On both of these lists over the past few years, many of the more established professional genealogists, in an unofficial “mentor”-like capacity, have offered advice to those of us just beginning in the profession. Among the suggestions from those who established their own careers long before Expert Connect have been:
- multiple sources of “passive income,” through writing, publishing, and lecturing
- marketing ideas, including non-traditional
- even recently, discussion of various ways that genealogical skills can be used in other fields, such as “forensic genealogy”

Did you explore these other options in your business plans? Or did you (on some level) expect Expert Connect to provide you with an endless stream of clients forever?

There are many good articles online on creating a formal business plan. All self-employed professionals, regardless of profession, should consider creating one. This should be a “living document,” so that changes can be made as necessary. The discontinuation of Expert Connect is a perfect example of a market change that would require the revision of your business plan.

This message is meant to be productive advice for those who are hurt the worst by the loss of Expert Connect. It is not meant to be disparaging or negative, in any way.
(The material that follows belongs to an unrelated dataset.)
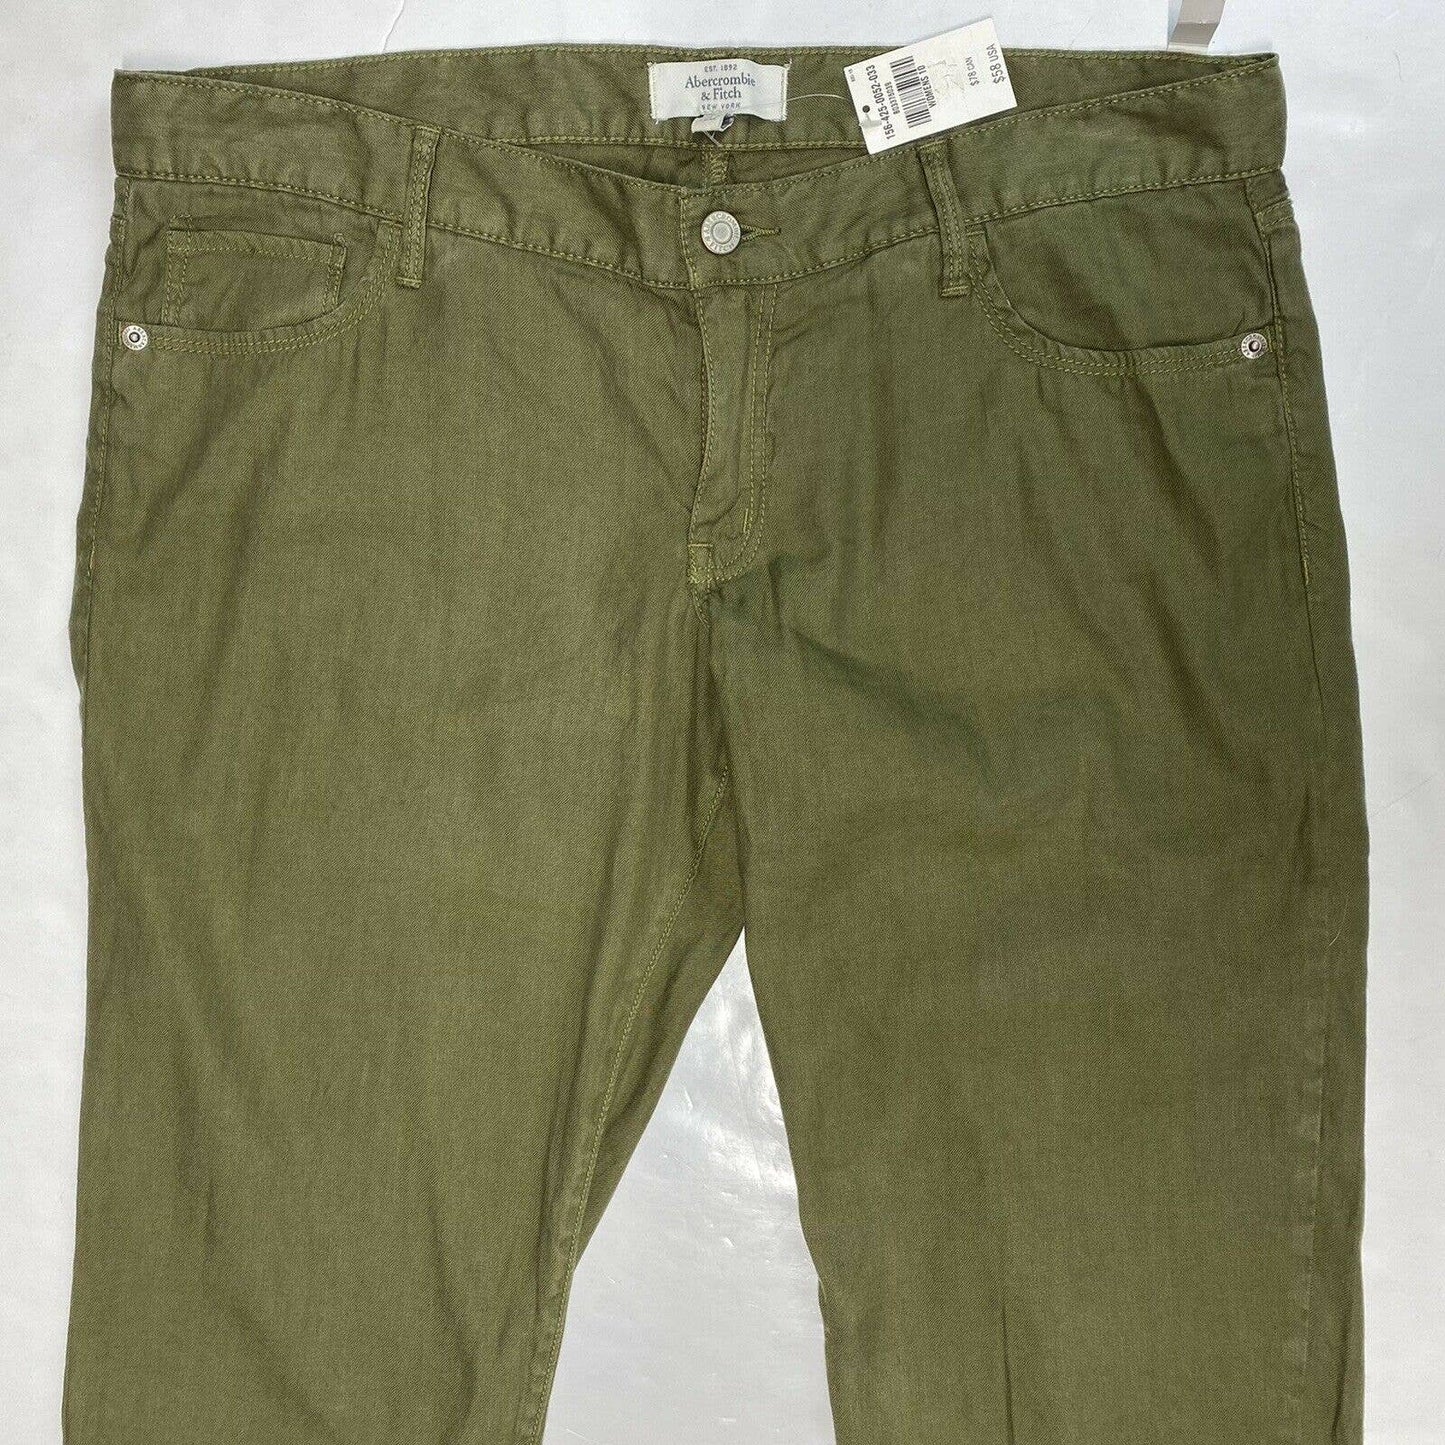 Abercrombie & Fitch Linen Blend Capri Sz 10 Olive Green Pants NEW *Measure Big*
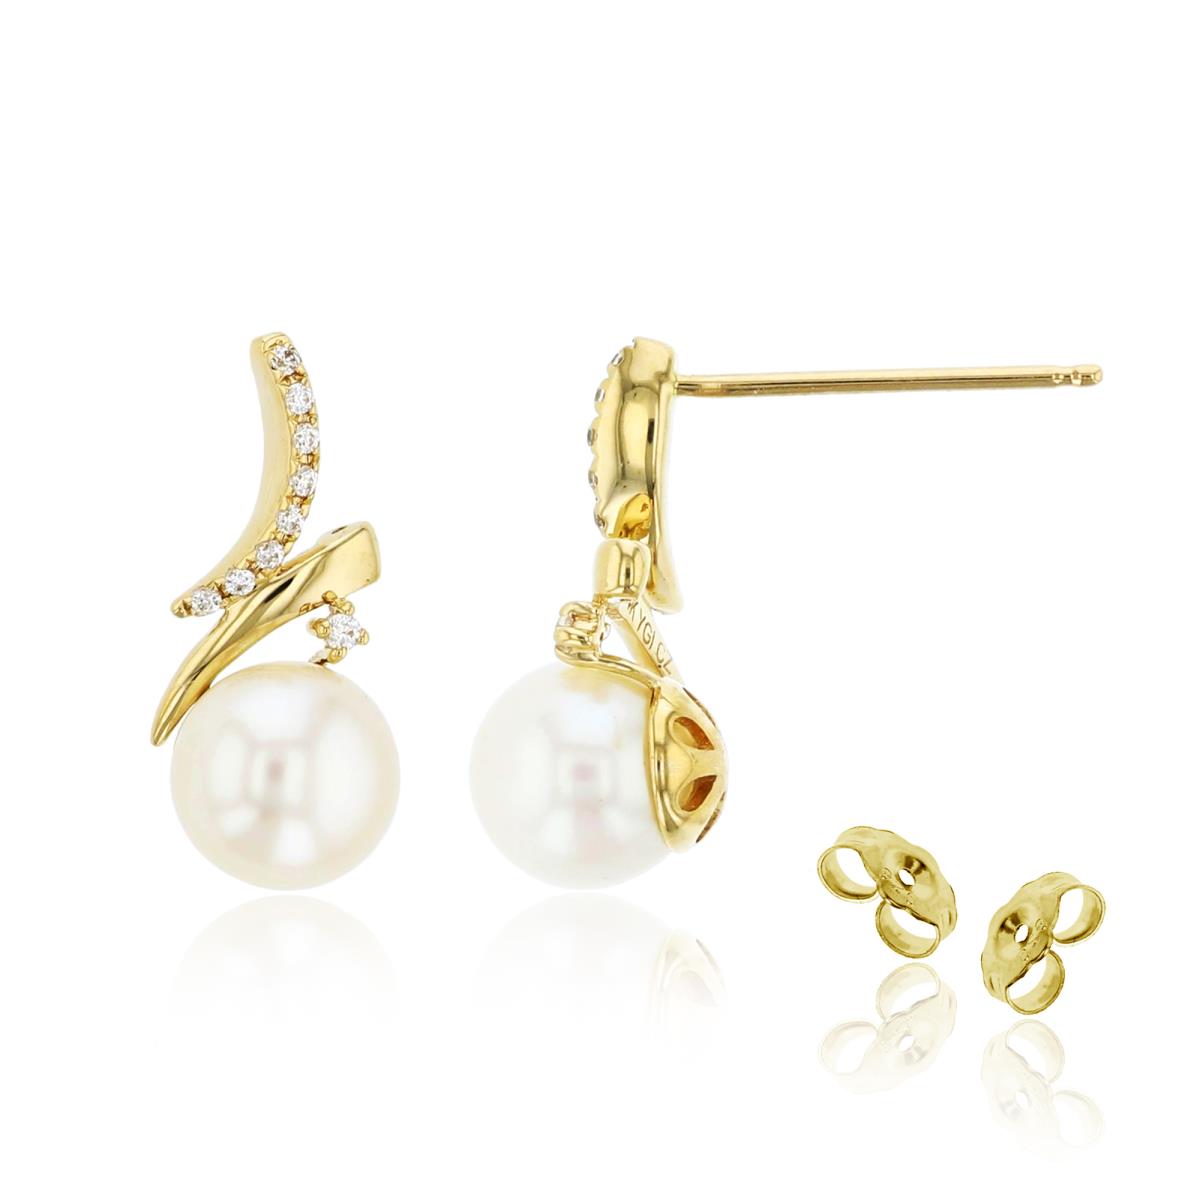 10K Yellow Gold 0.04 CTTW Rnd Diamonds & 6mm Rnd White Pearl  Earring

For the record, I have been a provider with Expert Connect since its beginning. I also use the “Genealogy Freelancers” and “Genlighten” websites to find clients. However, none of these websites have ever provided the majority of my income. I have my own website whereby I attract the majority of my clients. I advertise my services through various means, including links on the APG website, and the websites of several repositories where I research. I supplement my client research income through prolific writing and publishing, as well as lecturing wherever and whenever possible. I have created web-based courses. In other words, I actively seek out and create opportunities to earn money through any means and methods possible. The loss of Expert Connect will remove one of the sources of income for my genealogy business, but it will not destroy my genealogy business.